Performance Series Part 2 -- Why is PJIT Slow?
In the last part of the series we put PJIT up against the state-of-the-art 68000 emulator for ARM that used the traditional interpreter style of emulation, Cyclone 68000, and found PJIT to be rather compelling. But one cannot ignore the raw performance of a true JIT.
Generally, there are three reasons why a true JIT is going to be faster than PJIT:
- lack of threading overhead
- register colouring
- additional optimizations
Lack of Threading Overhead
We left off the last series with this little bit of code for a MOVE.B:
bl #offs ;@ to get here... ;@ ----------  move.b d0, d0 uses Op1000 ---------- Op1000: ldrb r2,[r7,#4] ;@ load byte from D1 strb r2,[r7] ;@ store in D0 bx lr ;@ and return
You can see that the part of this that actually performs the operation (the LDRB and STRB) make up only half the code as there are two branches surrounding us – the branch to get here and the branch to get back.

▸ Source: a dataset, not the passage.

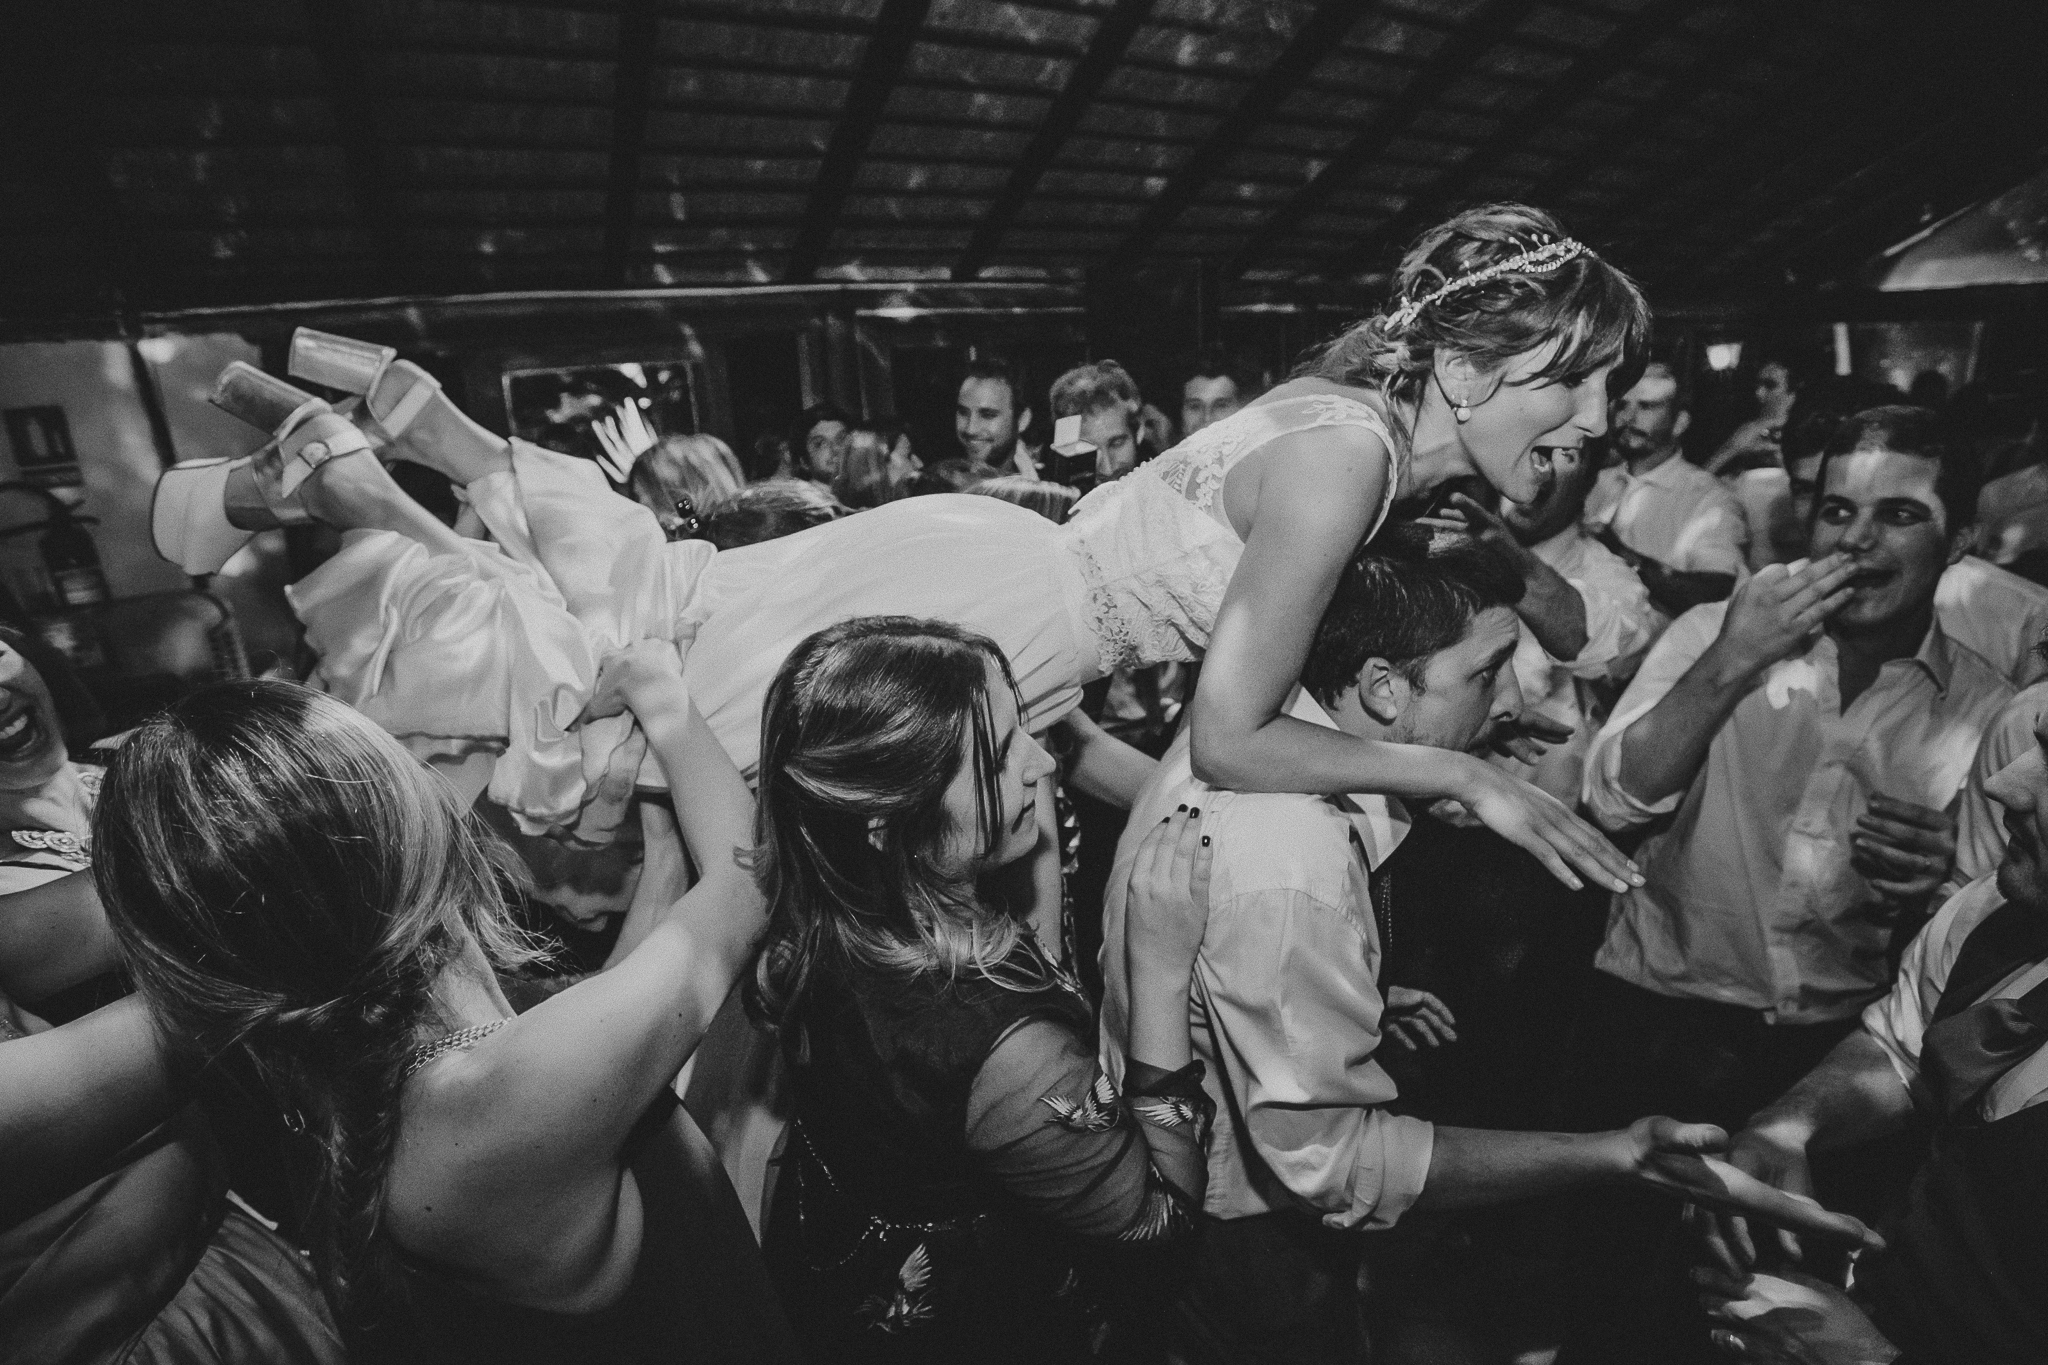 boda en lacrosse - fotografía espontánea de bodas - fotos de boda uruguay - P&I09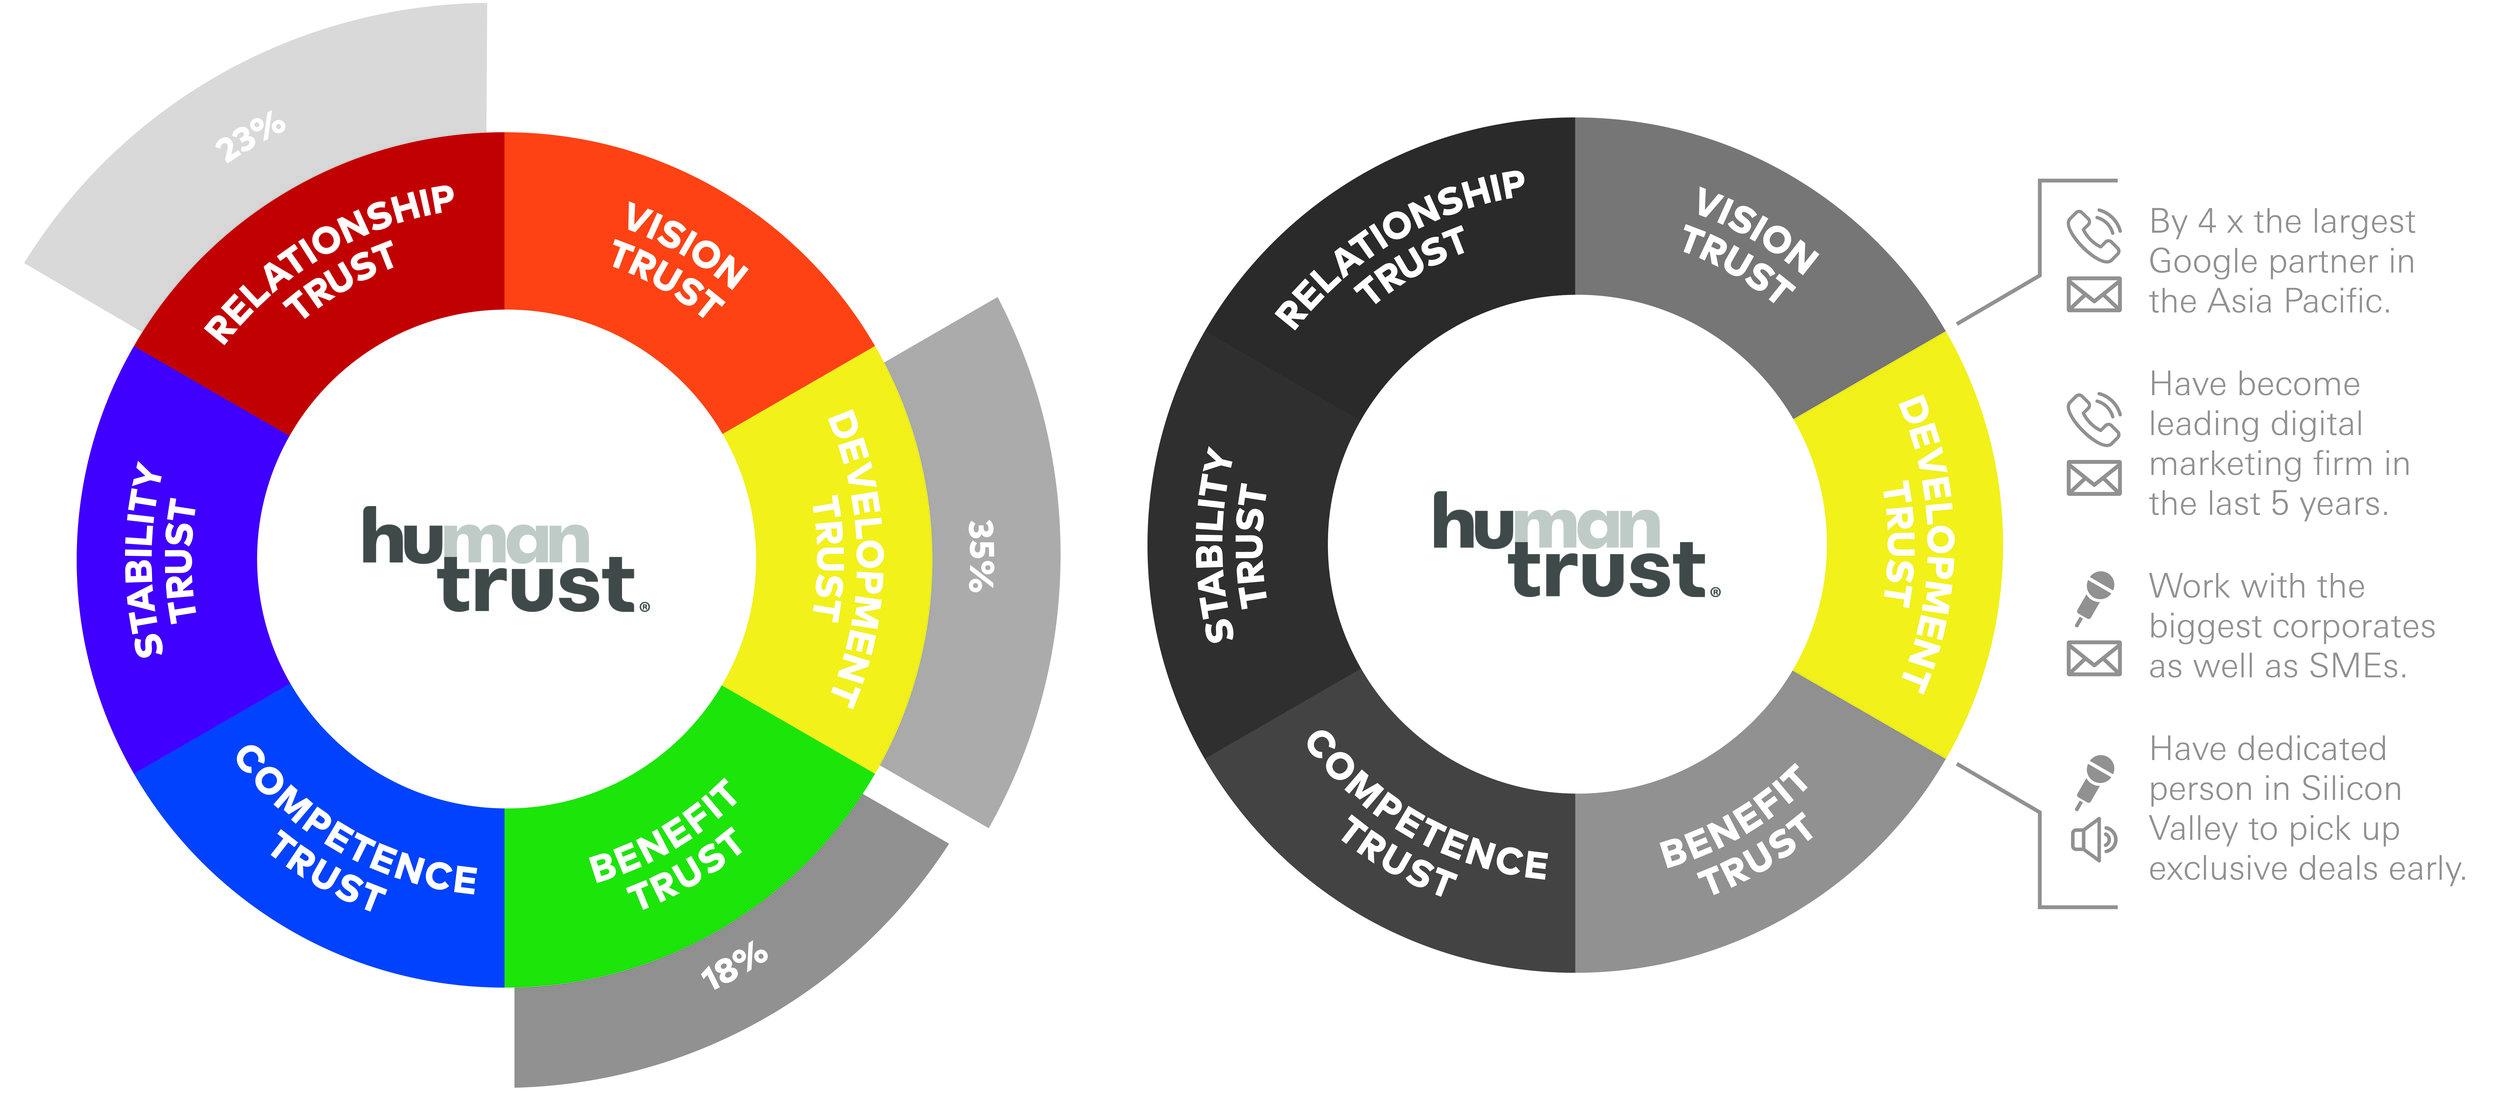 Mext_Consulting_Firm_Melbourne_Trust_HuTrust_Model_Human_Trust_Attributes_Focus.jpg

When a traditional JIT is compiling a block, there are no branches, so instead, the ARM instructions are simply concatenated together before then block is executed.
Now, because of branch prediction and return caching, neither of these will cost us a pipeline stall, but they’re still instructions and they still have overhead and a traditional JIT should execute this about twice as fast as PJIT.
Because each opcode for PJIT is a fully pre-compiled subroutine, we have to design a static allocation for each of the 68000’s registers, of which there are sixteen. Unfortunately, there are more 68K registers than there are available ARM registers.
The solution traditional JITs use is called Register Colouring – or dynamic register allocation. That is, there is no direct association between the ARM and 68K registers and instead the JIT will allocate ARM registers as required. Let’s look at a little subroutine:
addl d1,d0 ;@ find two free ARM registers; R0 and R1 then add asrl #1,d0 ;@ divide by two and store back to D0 rts ;@ were done, lets go home
When PJIT sees this, it creates a branch to the subroutine to three routines; the specific ADD.L, the ASR.L and then the RTS. These look something like this:
... bl ADDL_D1_D0 bl ASR_L bl RTS ... ADDL_D1_D0: ldr r3, [r7] ldr r2, [r7, #4] adds r3, r3, r2 str r3, [r7] bx lr ASR_L: ldr r3, [r7,] lsrs r3, r3, #1 str r3, [r7] bx lr RTS: ldr r0, [r13], #4 bl reenter
These 14 instructions would take about eight cycles to execute and aren’t ideal. There’s a lot of load and store pressure here and we’d better have that state in some zero-cycle SRAM! However, regular JIT would do something more like this:
... ldr r3, [r7] ldr r2, [r7, #4] adds r3, r3, r2 lsrs r3, r3, #1 str r3, [r7] ldr r0, [r13], #4 bx lr
This takes about four cycles and ought to be nearly twice as fast as PJIT. Not only are we saving the extra branches here, but we’re also performing a sort-of automatic peephole optimization by not storing and reloading the registers from memory!
This is truely a well with no bottom and different architectures benefit from different optimizations, but great care has to be taken as the performance impact to the system to analyse and optimise code may be greater than the benefit of slightly faster actual execution. I won’t go into too much detail here, but the common optimizations I’m aware of are: subroutine inlining, constant folding and loop simplificaion.
When jumping to an absolute addresses, the JIT may follow the jump and create a super-block that inlines the subroutine. This avoids leaving the JIT code and re-entering back in the main loop. But like many things with JIT, this not only means potentially re-JIT-ing the same code over and over again for every unique caller, but also means yet another way JIT code can use memory excessively.
This simply takes constant values loaded into the 68K “scratch registers” that are only used once as an offset for another memory action. It can eliminate the entire opcode by essentially deferring the immediate value to when it’s needed later and is one of the few ways JIT can save memory.
Normally each JIT block will have some entry and exit code. At the end of the block, the CPU will return to the main loop, reevaluate the program counter and re-search the cache for the block to execute or compile a new one if necessary. For small, closed loops, this is not optimal, so a simple fix is when the branch returns to the begining of the current block, to do so on only exit the block when the loop exits.
So traditional JIT clearly looks a lot faster that PJIT, easily up to twice as fast! In fact, Emu68 can get very close to 1MIPS per MHz on JIT compiled code, which is absolutely amazing! But there are some things I’ve completely glossed over here that level the playing field quite a bit.